C. Exempt Personal Property In Texas

Personal properties of various categories are considered exempt up to a total fair market value of $60,000 per family or $30,000 per single adult who is not part of a family.  The following personal property is exempt from garnishment, attachment, execution or other seizure as follows: $60,000 (or $30,000 for a single person) exclusive of the amount of any liens, security interests or other charges encumbering the property. If the personal property exceeds the statutory exemption amount, the head of the family or the person entitled to the exemption may designate which property they desire to have the exempt status and which property should be non-exempt.

The property that is exempt includes the following:

1). Current wages for personal services & court ordered child support payments;

2). Professional prescribed health aids of a debtor or a dependent of a debtor (this section does not prevent seizure by a secured creditor with a contractual landlords lien for the security and the property to be seized);

3). Unpaid commissions for personal services, not exceed 25% of the aggregate limitations described above;

4). Home furnishings, family heirlooms, provisions for consumption;

5). Farming or ranching vehicles and implements;

6). Tools & miscellaneous equipment;

7). Books;

8). Apparatus including boats and motor vehicles used in a trade or profession;

9). Wearing apparel & jewelry not to exceed 25% of the aggregate limitations (the $60,000 or $30,000 amounts);

10). Two firearms;

11). Athletic and sporting equipment including bicycles, a two wheeled, three wheeled or four wheeled motor vehicle for each member of a family or single adult who have a drivers license or does not hold a drivers license but relies on another person to operate the vehicle for the benefit of the non licensed person;

12). The following animals and foliage on hand for their consumption: a. two horses, mules, donkeys and a saddle, blanket and saddle for each; b. twelve head of cattle; c. sixty head of other types of livestock; d. 120 cows; e. household pets;

13). The present value of any life insurance policy to the extent that a member of the family of the insured or dependent, a single insured adult claiming the exemption as a beneficiary of the policy.
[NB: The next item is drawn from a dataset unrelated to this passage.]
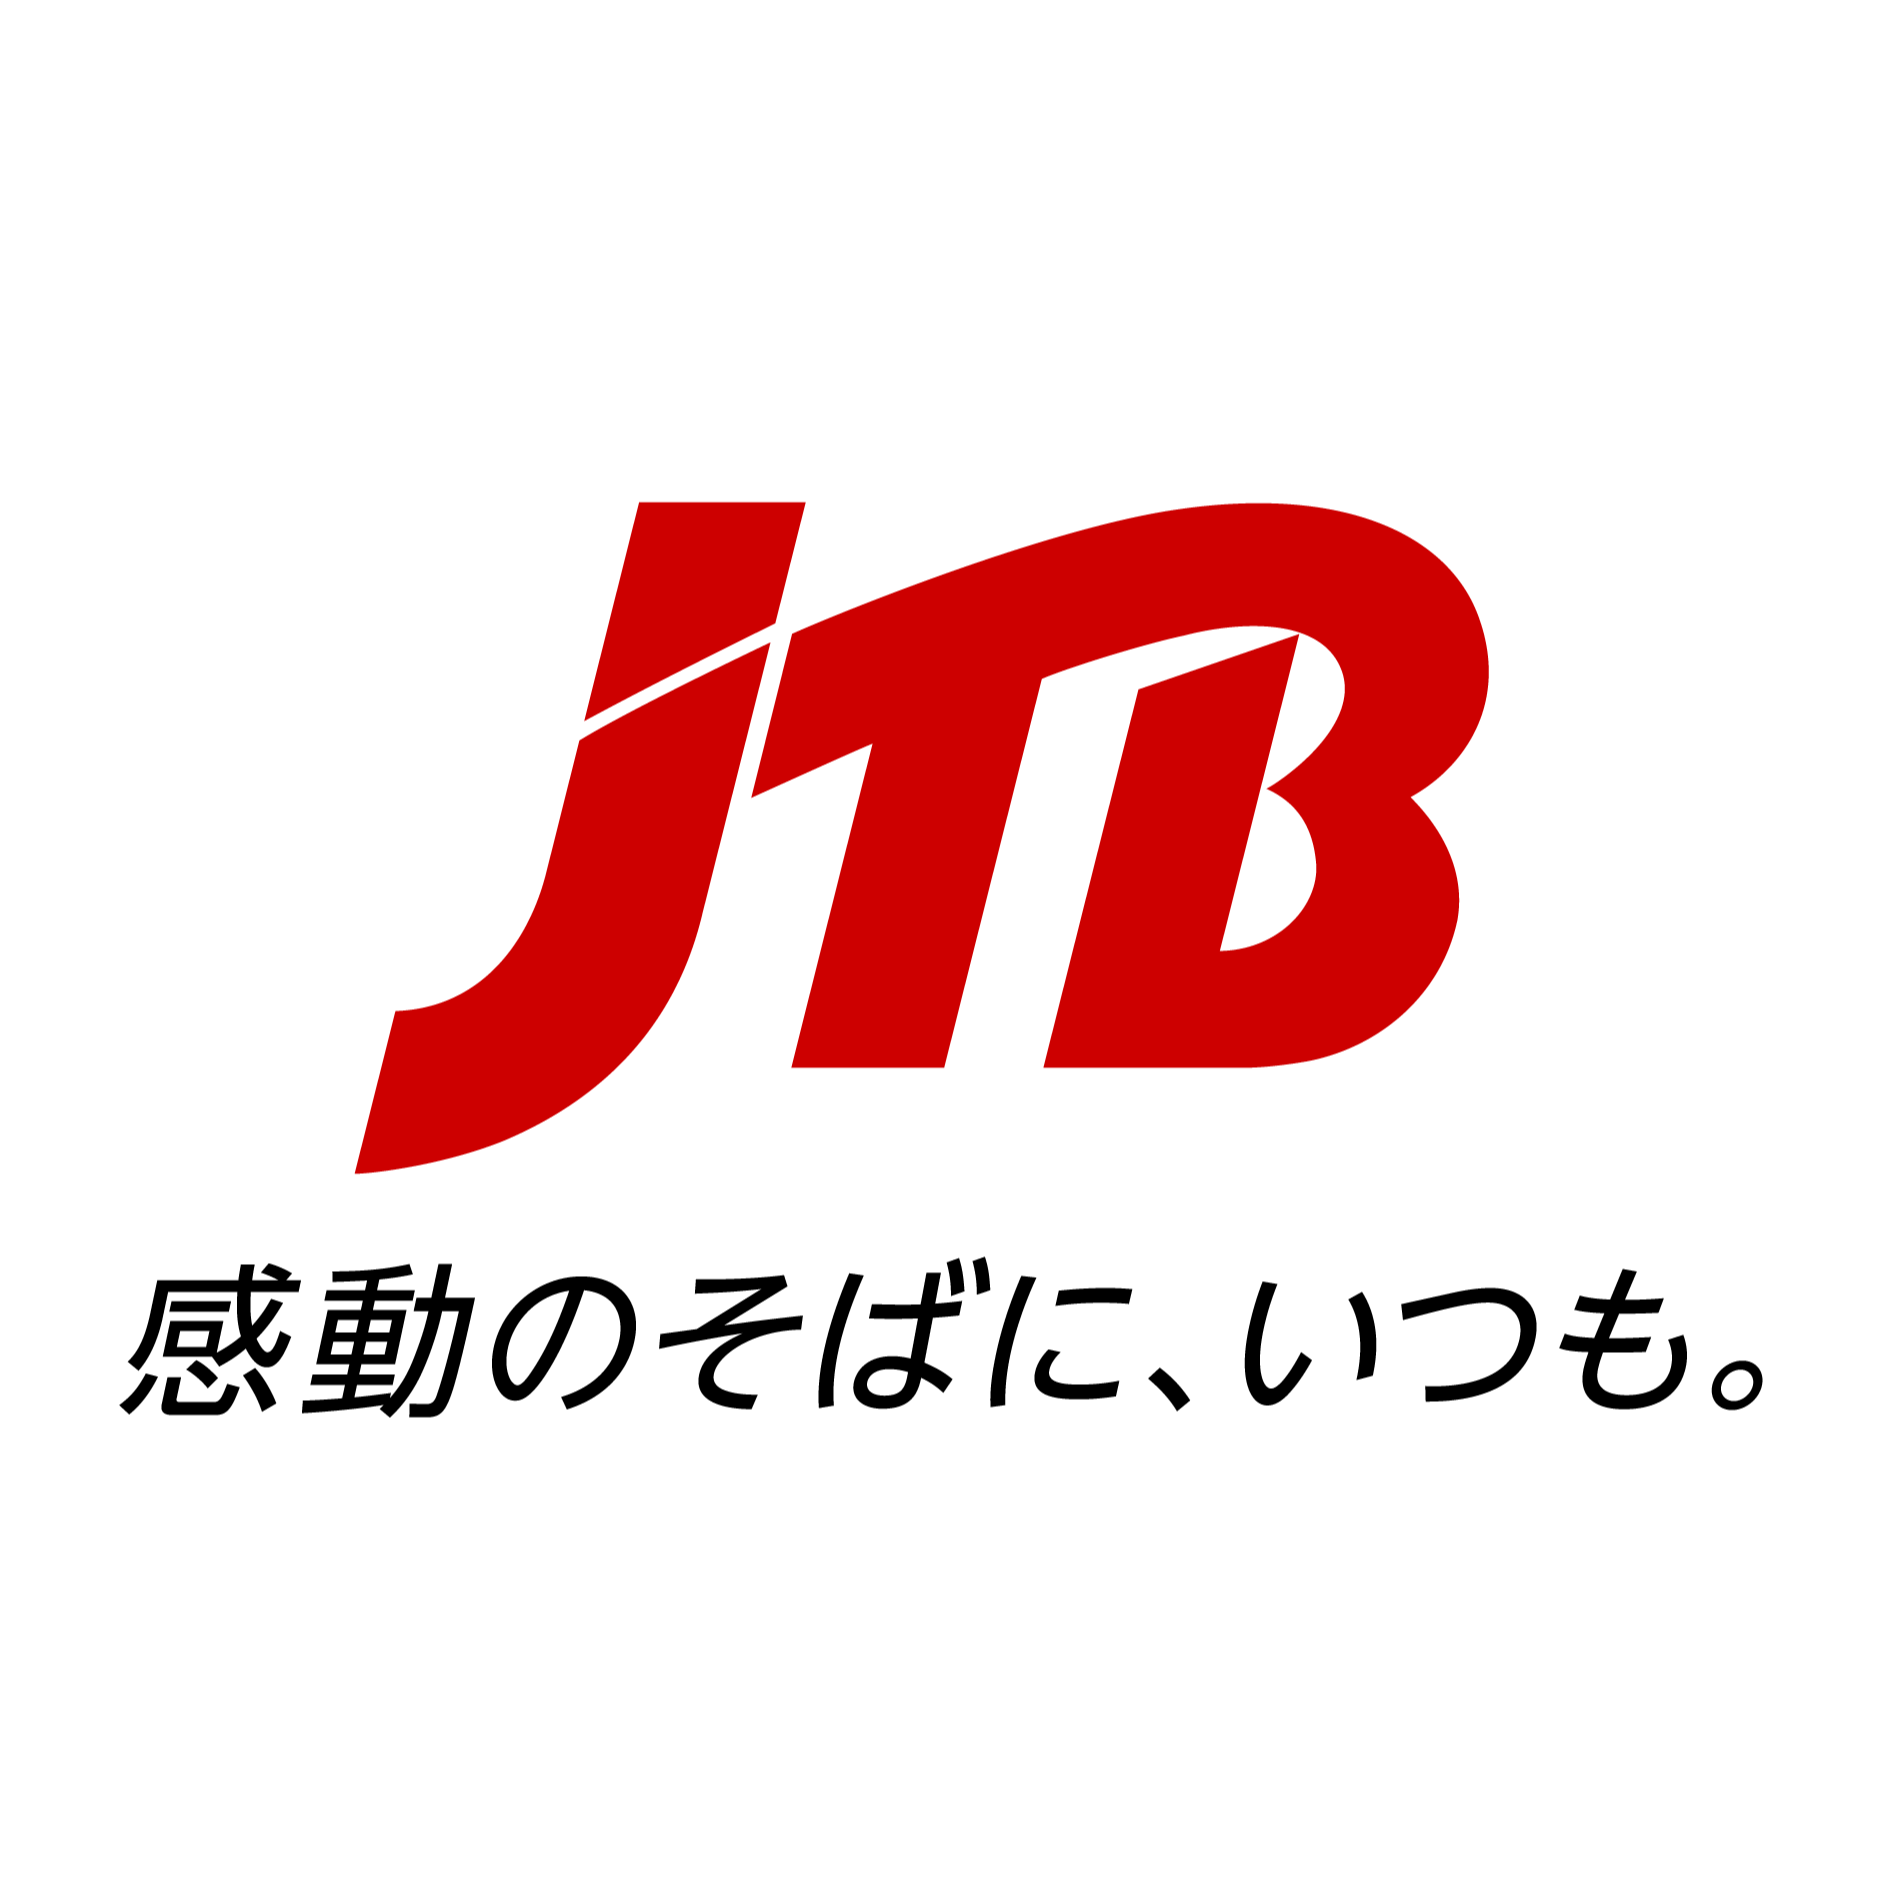 JTB ビジネスソリューション事業本部 東京中央支店 Logo

14). Retirement plans: In addition to the exemptions described above, a person's right to the assets held or to receive payment, whether vested or not, under any:

a. stock, bonus, pension, profit sharing or similar plan,

b. retirement plans for self employed individuals or any annuity or similar contract purchased with assets distributed from that type of plan and under any retirement annuity or account described by Section 403 (of the Internal Revenue Code 1986) and under any individual retirement account or any individual retirement annuity including a simplified employee pension plan is also exempt from attachment from any execution and seizure for the satisfaction of debts unless the plan, contract or account does not qualify under the applicable provisions of the Internal Revenue Code.

D.  Designation Of Your Homestead

For urban properties, the head of the household may voluntarily designate not more than one acre of the property as the homestead.  If a rural homestead is part of 4 or more parcels containing a total of more than 200 acres, the head of the family if married, may voluntarily designate not more than 200 acres of property as the homestead. 

To designate the property as a homestead the person must make the designation in a properly completed instrument that is signed and acknowledged or approved in a manner required for the recording instruments, i.e. notarized.   A person must file the designation with the county clerk of the county in which all or part of the property is located.

E. Designation Of A Homestead After A Judgment Has Been Obtained

If a judgment has been obtained against you, the creditor may take steps to collect or enforce the judgment. Once a judgment has been obtained, the creditor can file notice of the judgment thirty days after the judgment becomes final. This filing is called an " Abstract of Judgment".

If the creditor has requested an execution of judgment to be issued against you (if you are a judgment debtor) and if you own a homestead you must protect your homestead by filing a Voluntary Designation of your homestead under Section 41.005 of the Texas Property Code.

If you have not designated your homestead, the judgment creditor may give you, the judgment debtor, notice to vacate your homestead as defined in Section 41.002 of the Texas Property Code.  The notice shall state that if the judgment debtor fails to designate the homestead within the time allowed by Section 41.002 of the Texas Property Code, the court will appoint a commissioner to make the designation at the expense of the judgment debtor.

At any time before 10:00 am on the Monday next after the expiration of 20 days after the date of the service of the notice to designate (the general time period allowed for answering lawsuits), the judgment debtor must designate the homestead as defined in Section 21.002 Texas Property Code by filing a written designation, signed by the debtor in front of the justice or the clerk of the court from which the writ of execution is issued, together with the legal description or area designated as your homestead.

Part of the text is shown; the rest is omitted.